There's a reason nobody builds deskside compute servers with today's technology. Density, power, and cooling.

Keywords to google: KVA PF KW, high density rack server, PUE (PUE is the inverse of PF and is applied to an entire data center which includes cooling.)
Other places to look: look up abstracts for talks at Data Center World.

Re:I advise against it

[lenart]

Save your money and use it to move somewhere without Fag Marriage.

You can marry a cigarette where you live?

Here is what I did...

[Taz1672]

My company decided it wanted a new FEA machine. They decided to stay with the existing software company, so I called up the company and explained the situation and asked for the department that provided pre-sales support, specifically hardware recommendations. Turns out they had a strong bench of people ready to help with that and detailed Known Good configurations for each major hardware company. We simply decided looked at the software licensing costs, the hardware costs and how long our average scenario would take under various software/hardware configs and sized it to handled the existing number of jobs plus expected growth.
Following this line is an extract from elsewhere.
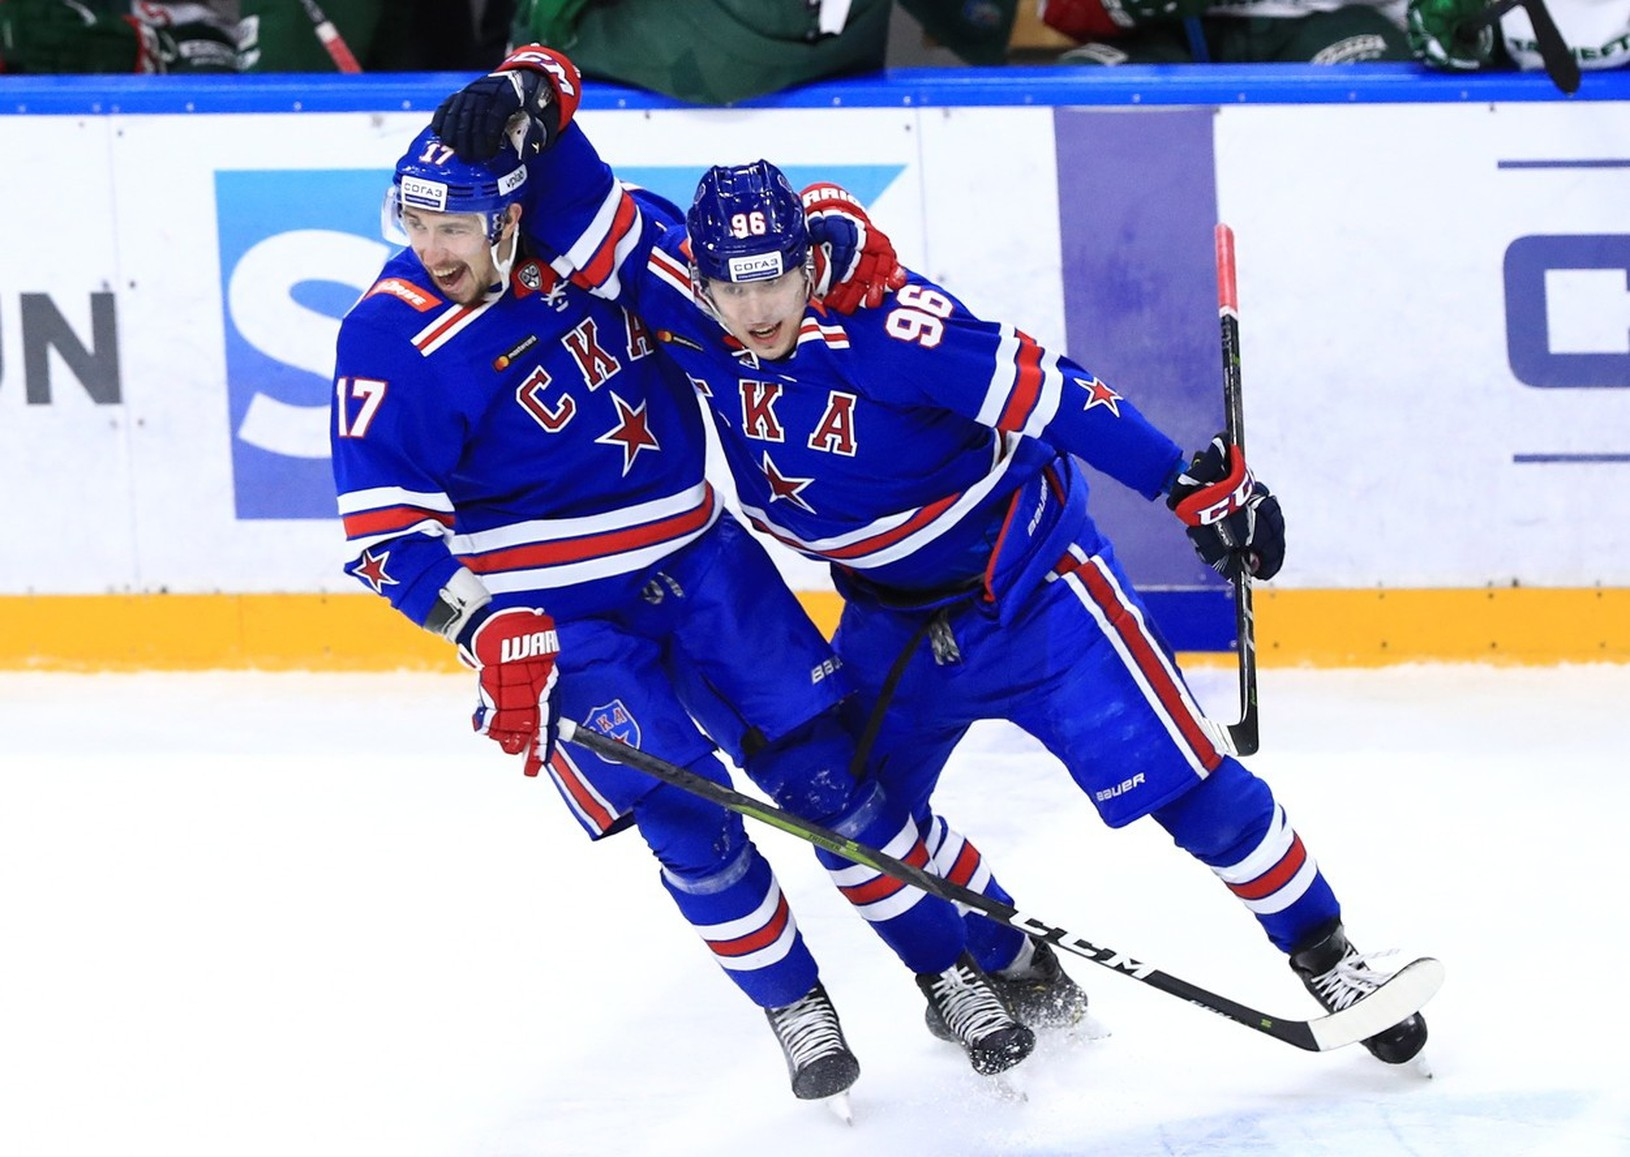 Hokejisti SKA Petrohrad oslavujú

We decided what we could live with in terms of how long an average job would take (we decided we could live with 24 hours as an average). We then decided what sort of tradeoffs we could make in terms of hardware (an up front sunk cost amortized over many years) versus the annual software license fees. A little more spent on hardware up front meant we could save on software licensing costs by taking a step down in numbers of processors permitted. We then presented this decision to their presales people to get it vetted and asked for suggestions. In our case we took the suggestion that we archive saved results to our enterprise grade disk array and put the money into Raid 0 SSD's to speed up the overall job time. As always, RAM was the cheapest upgrade so we maxed that out.

Everyone signed off, we took the specs to a local system builder with a good reputation, told them no changes of ANY sort to any component, negotiated a price that included acceptance testing to ensure compliance and made sure they had enough of a profit margin so as to discourage shortcuts. They delivered, we tested, it gave expected performance results, we accepted it and paid them. That system is installed today and delivers the results it was designed for.

I would suggest a similar course for you.
1. Decide on the software first. Make darn sure it will do what you want.
2. Decide on how fast jobs need to be finished and how many per week/month/year to prevent over specing
3. Call presales support to get hardware recommendations
4. Make the decision on hardware cost versus software licensing cost versus number of jobs to be done
5. Do your homework! Understand what you are specing, talk to others, particularly customers.
6. Take your new found knowledge back to presales a few times to make sure you did not miss any improvements and you truly understand what you are doing, you are betting your job on this.
7. Find a builder, local or the hardware manufacturer, negotiate terms. Make sure you leave a decent profit margin to avoid the temptation to skimp.
8. Test, test, test. Confirm all configuration decisions with presales support.
9. Pay 'em and install the machine.
10. Don't forget to follow up to ensure it continues to work as designed and that procedures are being followed. In my case, we checked that all runs were backed up on our enterprise disk array.